------ Dataset extract ------

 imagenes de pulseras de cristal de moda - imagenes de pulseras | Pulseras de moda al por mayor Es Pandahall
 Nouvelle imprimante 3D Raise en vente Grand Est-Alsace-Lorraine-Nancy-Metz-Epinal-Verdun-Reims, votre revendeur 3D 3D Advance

------
------ Dataset extract ------

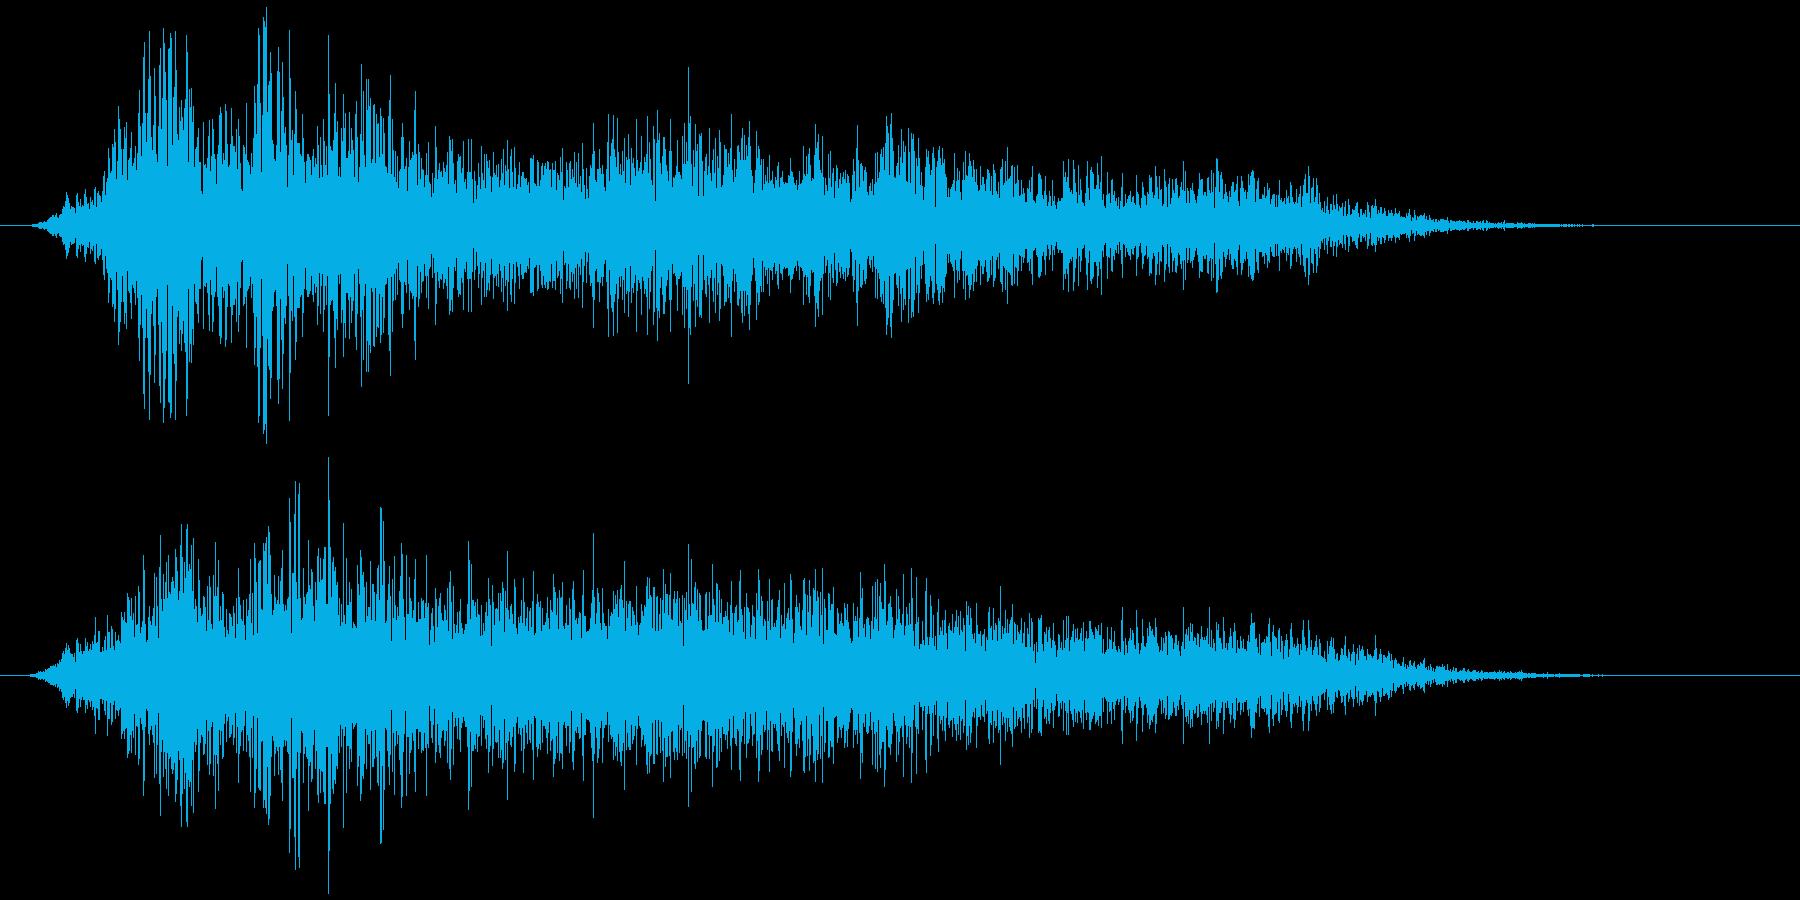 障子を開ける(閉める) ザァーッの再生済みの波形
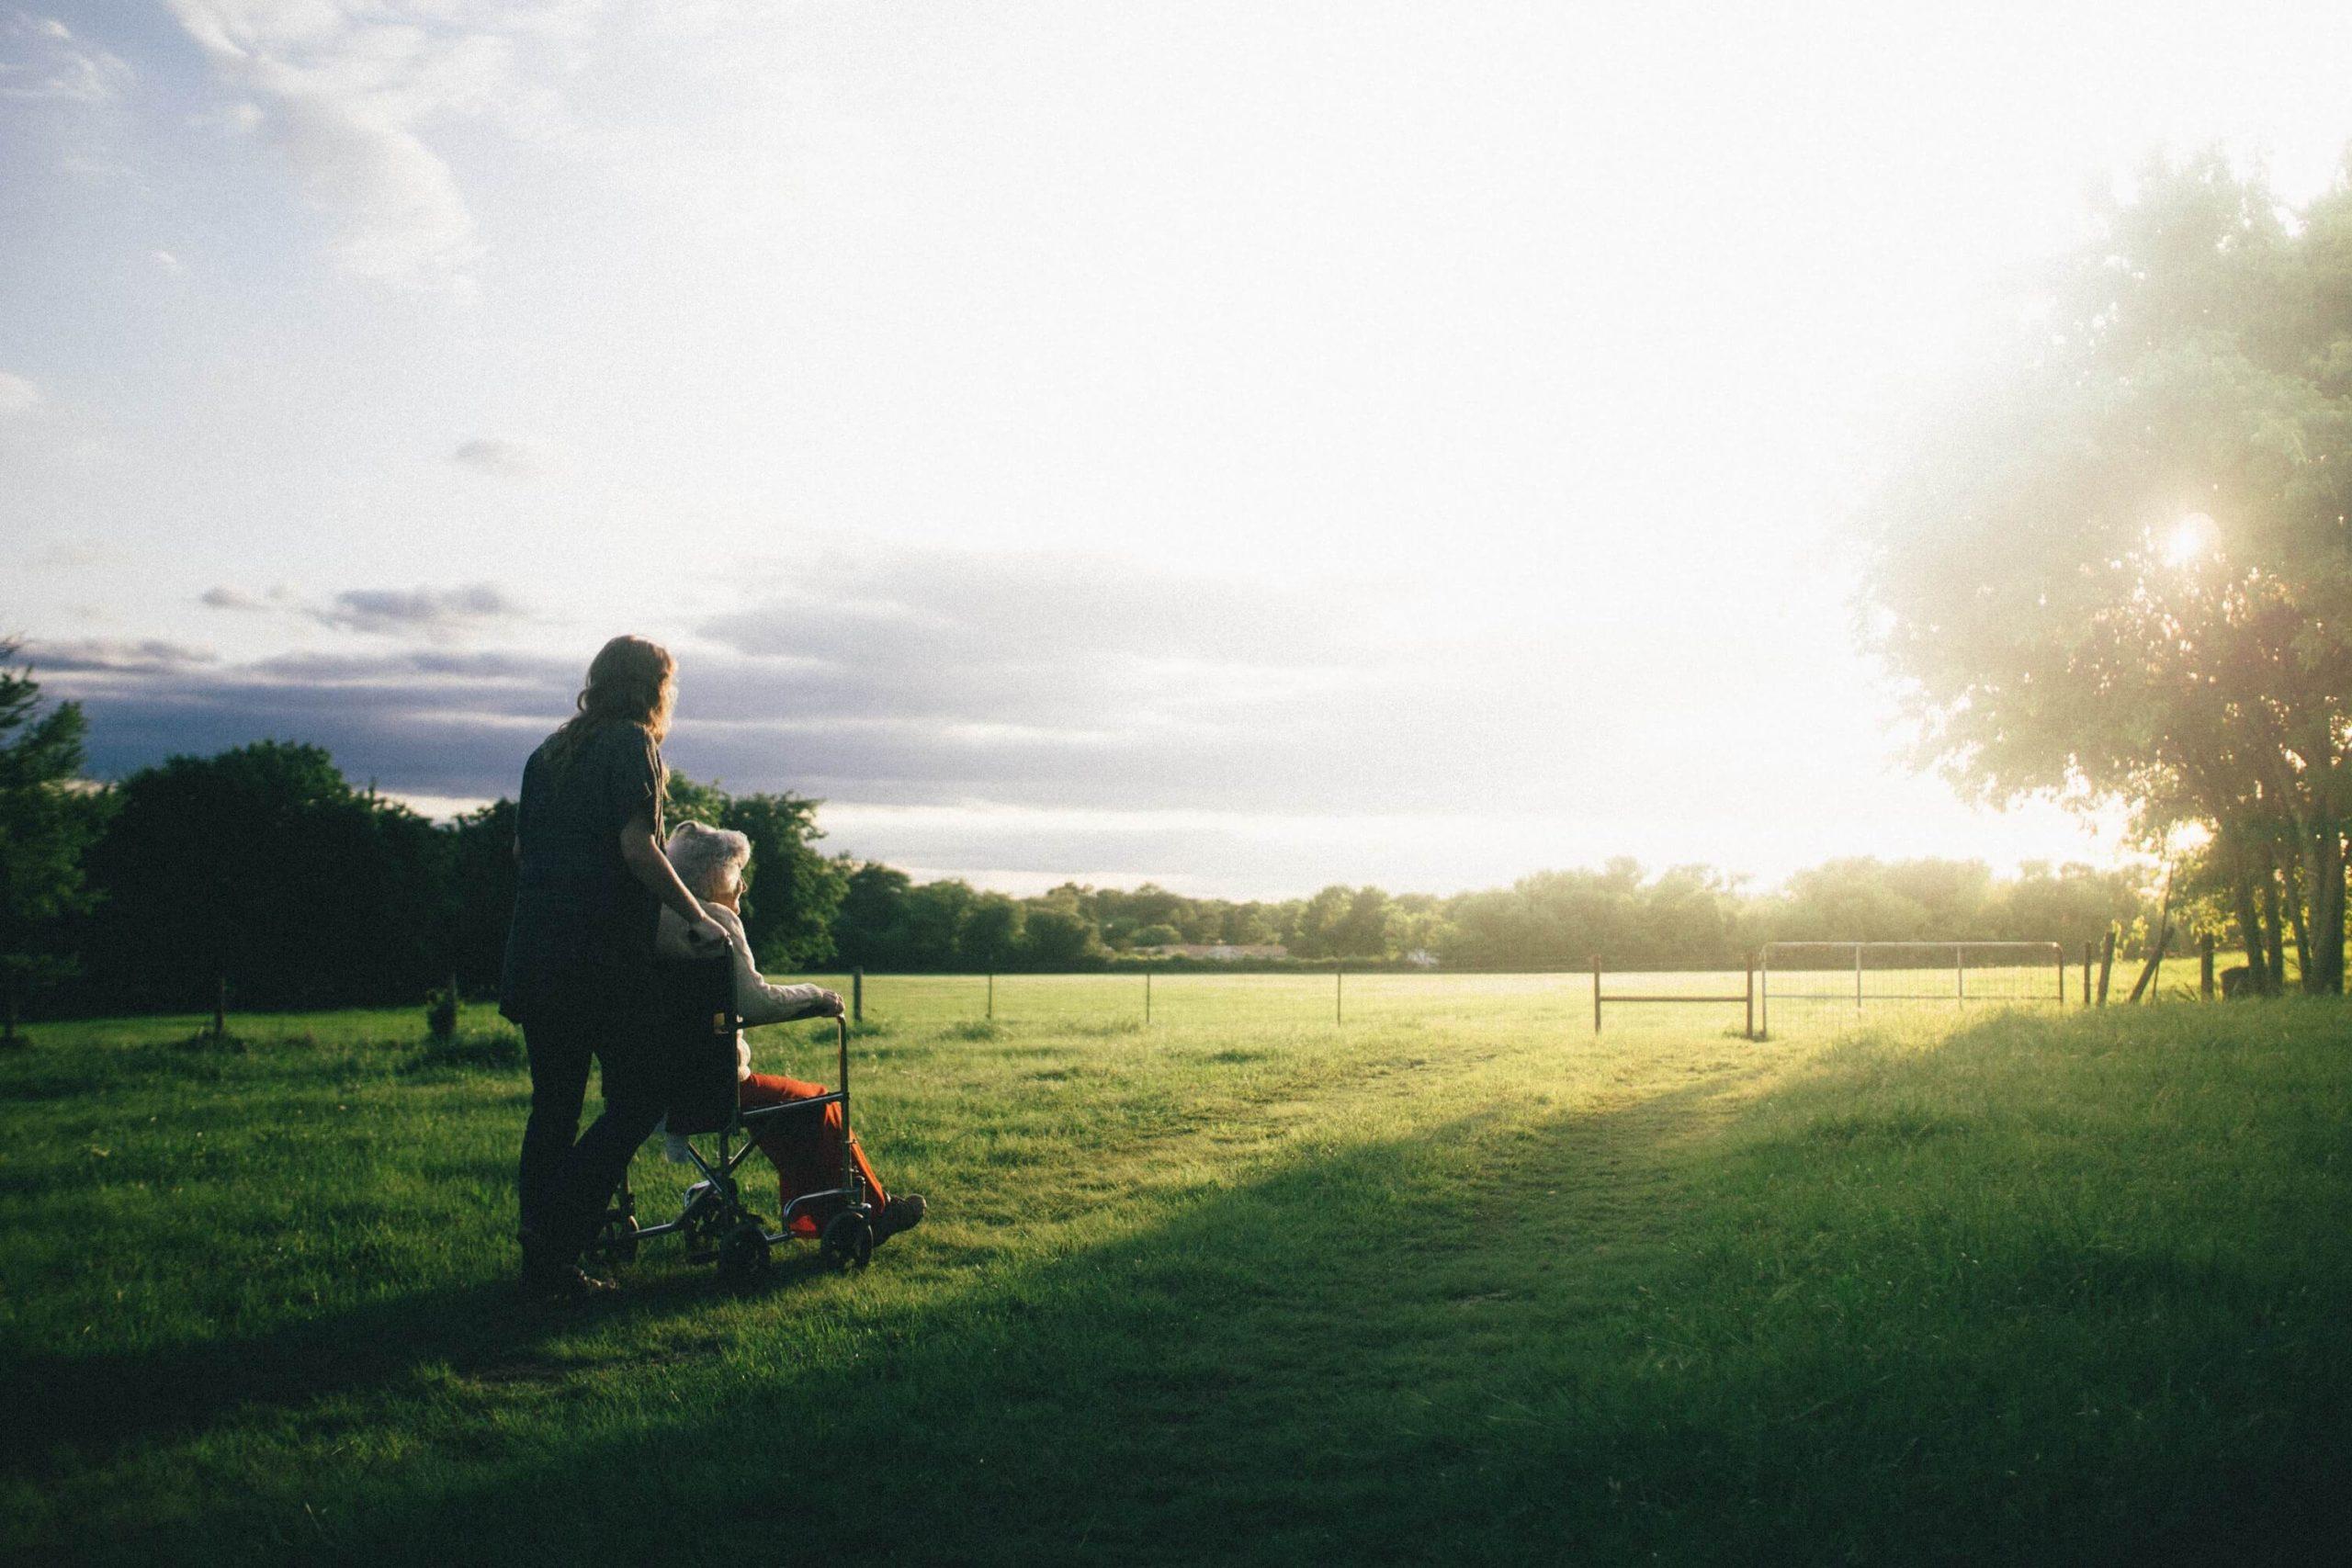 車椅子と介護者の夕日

------

→ **What you need to do**
Would you please copy, word for word, everything above from the line containing "imagenes de pulseras de" down to the line containing "Nouvelle imprimante 3D", those two lines included?

→ **Response area**
 imagenes de pulseras de cristal de moda - imagenes de pulseras | Pulseras de moda al por mayor Es Pandahall
 Nouvelle imprimante 3D Raise en vente Grand Est-Alsace-Lorraine-Nancy-Metz-Epinal-Verdun-Reims, votre revendeur 3D 3D Advance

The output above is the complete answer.